Memory Architectures for LLM Agents¶

★★★★★ Intermediate

Structural approaches to organizing persistent knowledge for LLM agents. The architecture determines retrieval quality, storage cost, and how well the agent can reason across stored information.

Key Facts¶

LLMs are stateless - all memory is external infrastructure the agent reads/writes
Memory architecture directly constrains what the agent can recall and how accurately
Simple flat files outperform complex systems up to ~100 articles / ~400K words
Beyond that threshold, structured retrieval (index-based or vector) becomes necessary
Raw verbatim storage with default embeddings achieves 96.6% R@5 on long-memory benchmarks - beating extraction-based systems (~85%)
Adding lightweight LLM reranking pushes retrieval to ~100% at negligible cost (~$0.001/query)

Architecture Comparison¶

Architecture	Scale	Cost	Retrieval	Maintenance
Flat files (markdown)	<100 articles	Minimal	LLM navigates via index	Manual or LLM-assisted
Hierarchical graph	100-10K entries	Low-medium	Metadata-guided traversal	Auto-organized by taxonomy
Vector store (verbatim)	1K-1M entries	Medium	Embedding similarity	Auto-indexed on ingest
Knowledge graph (triples)	Any	High	Structured queries + traversal	Complex, needs entity resolution
Hybrid	Any	Varies	Multiple retrieval paths	Most complex, best results

Flat File Architecture¶

Plain markdown files with cross-references and a maintained index.
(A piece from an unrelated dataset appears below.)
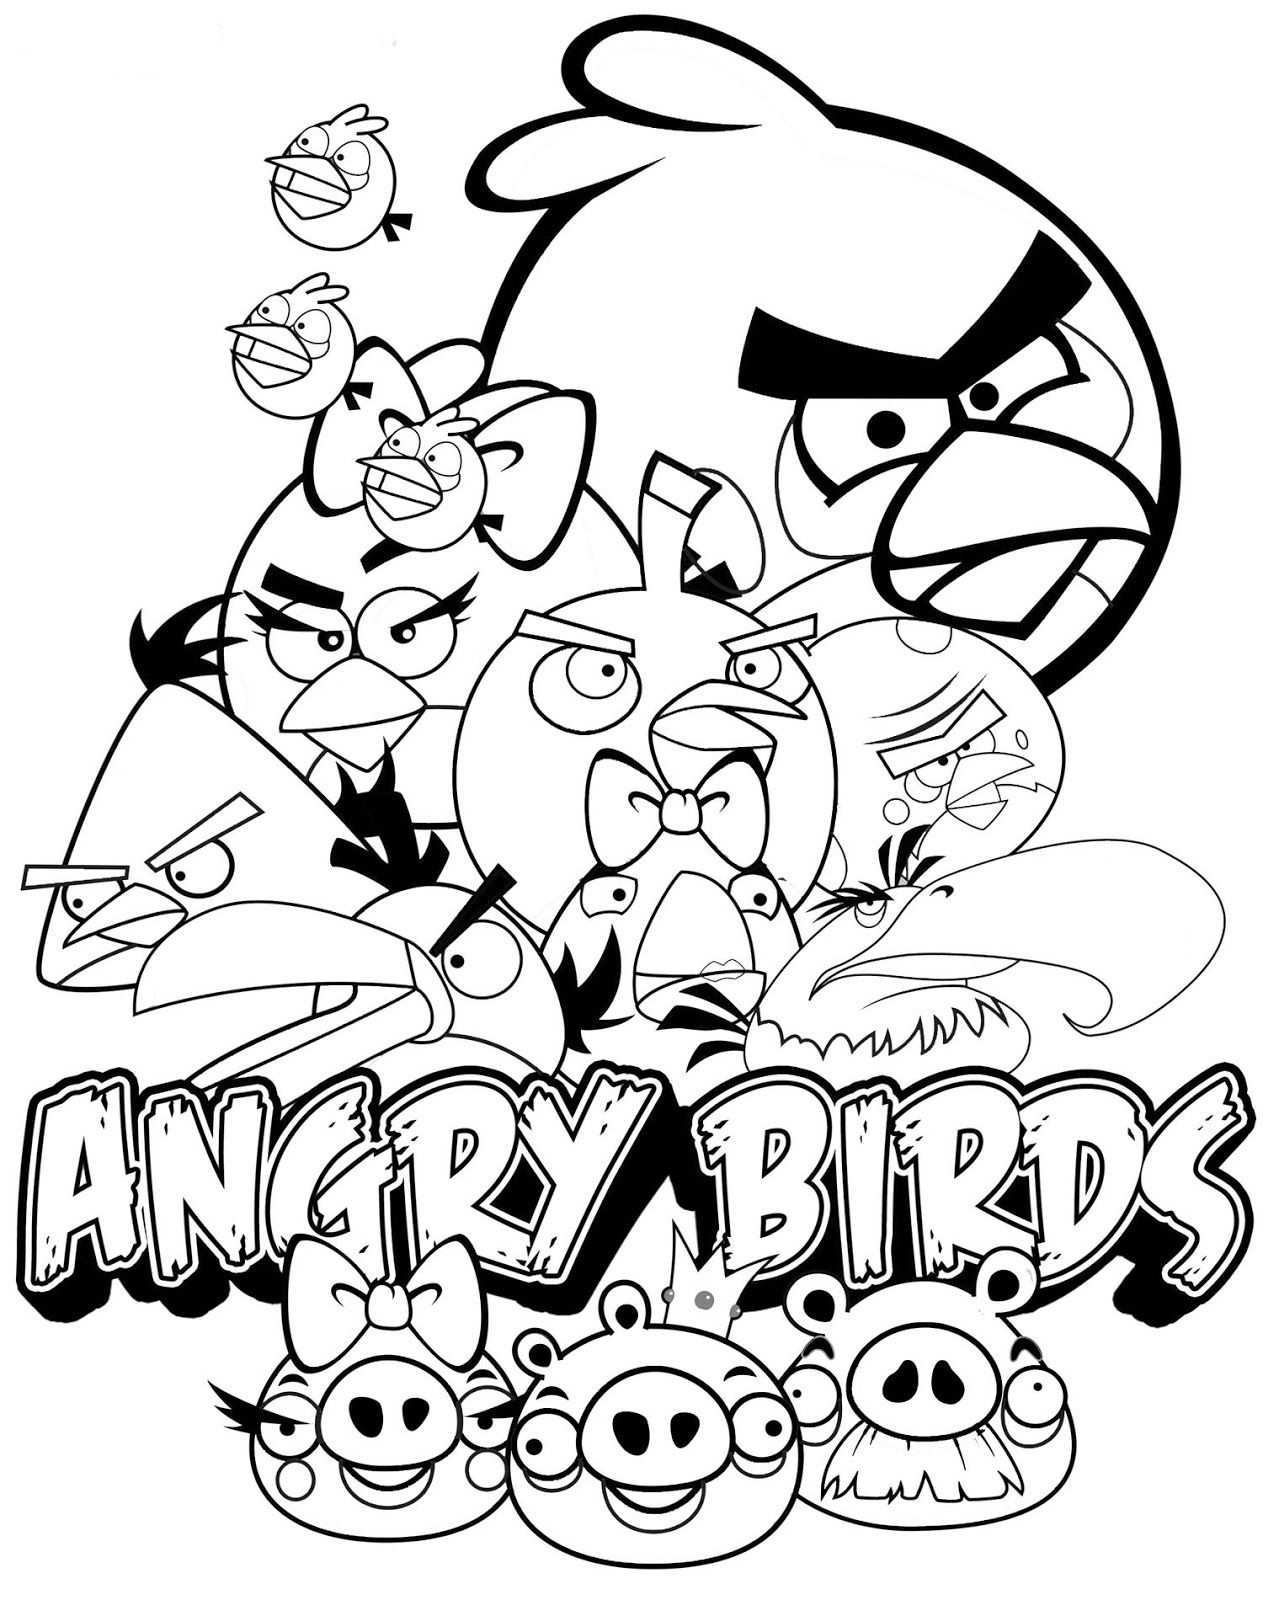 Angry Birds Kleurplaten Poster Bird Coloring Pages Coloring Pages Coloring Pages For Kids
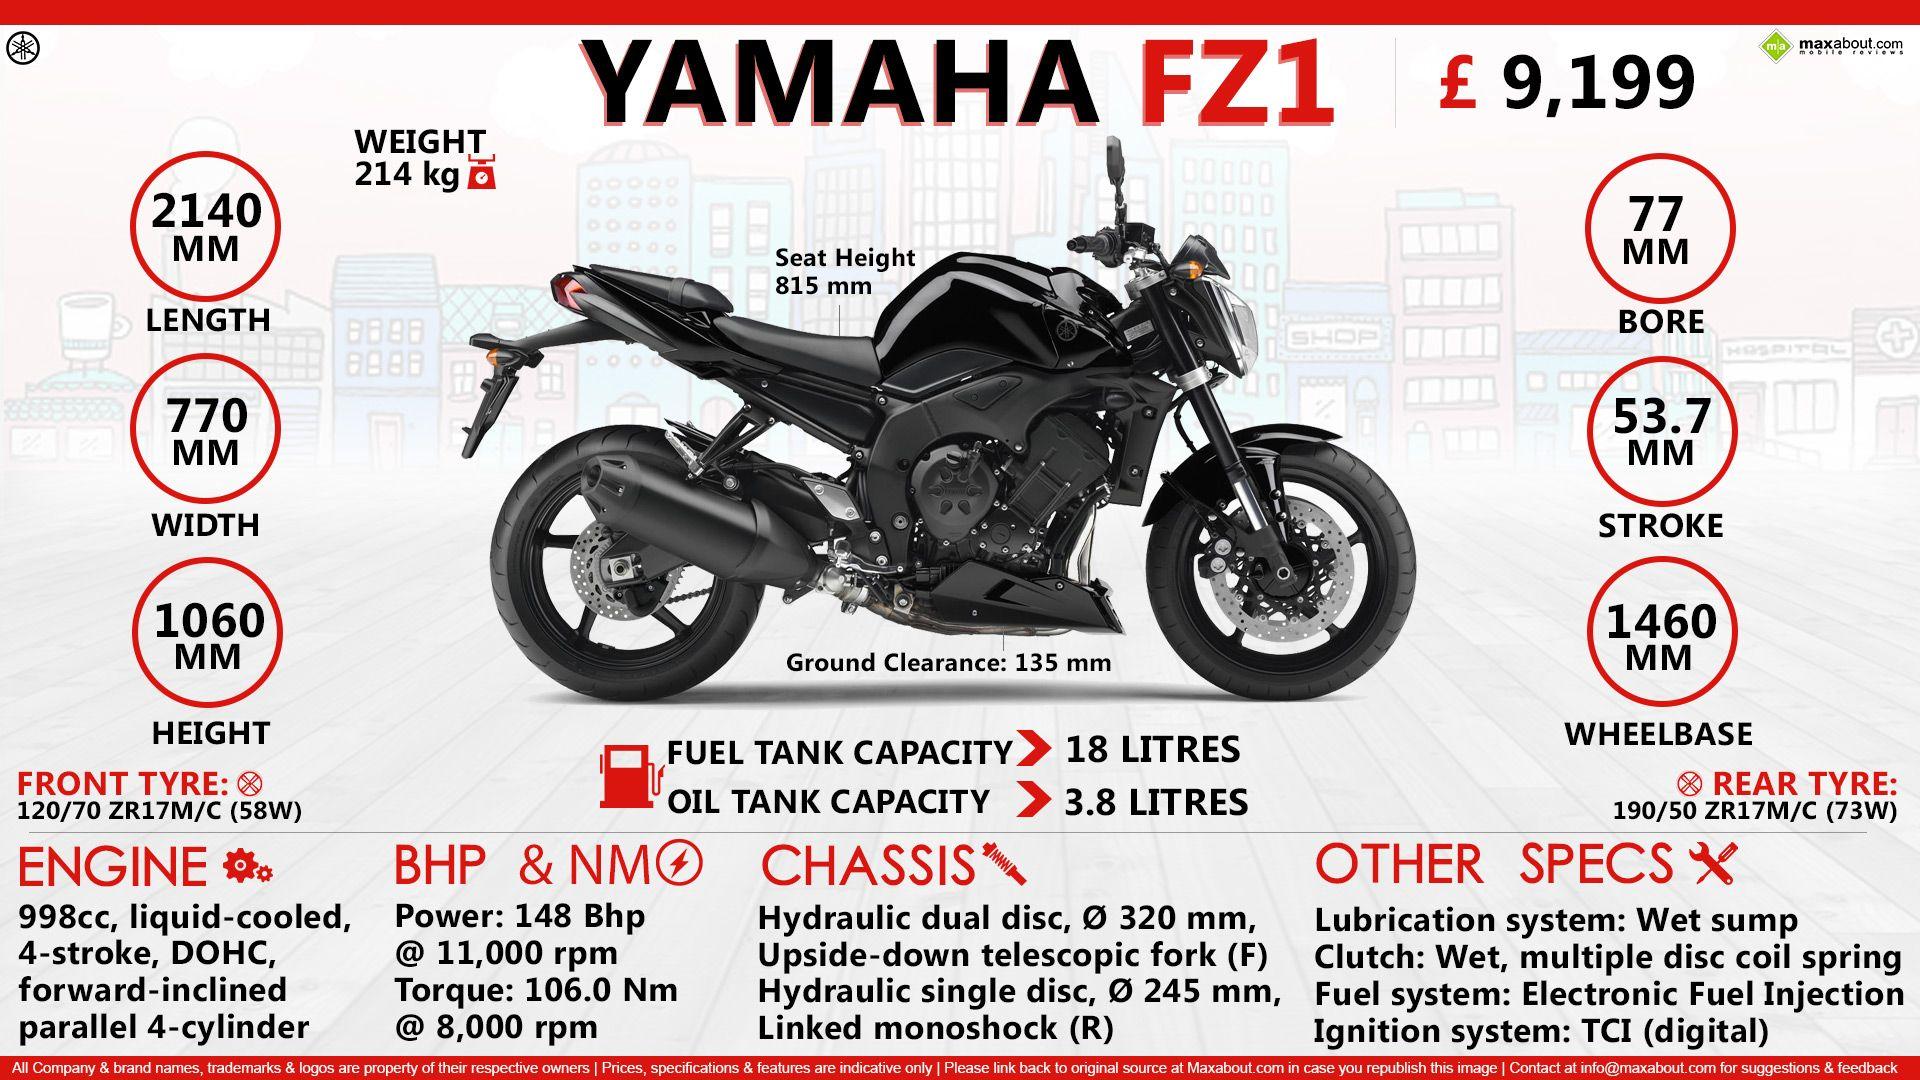 Honda высота по седлу. Yamaha fz1 двигатель. Ямаха fz1. Размеры Yamaha fz1. Fz1 Yamaha высота по седлу.

The LLM navigates by reading the index, then drilling into specific files.

knowledge/
  index.md          # catalog with summaries (LLM reads first)
  log.md            # append-only operation log
  raw/              # immutable source materials
  wiki/             # LLM-generated structured articles
    concept-a.md
    entity-b.md

Three operations: 1. Ingest - new source arrives, LLM reads it, creates/updates ~10-15 wiki pages, updates index 2. Query - LLM reads index, navigates to relevant pages, synthesizes answer with citations 3. Lint - periodic health check: find contradictions, stale claims, orphan pages, missing cross-references

When it works: The LLM is the retrieval engine. With good summaries in the index, it navigates ~100 articles without vector search. Knowledge compounds - written once, maintained incrementally, not re-derived on every query.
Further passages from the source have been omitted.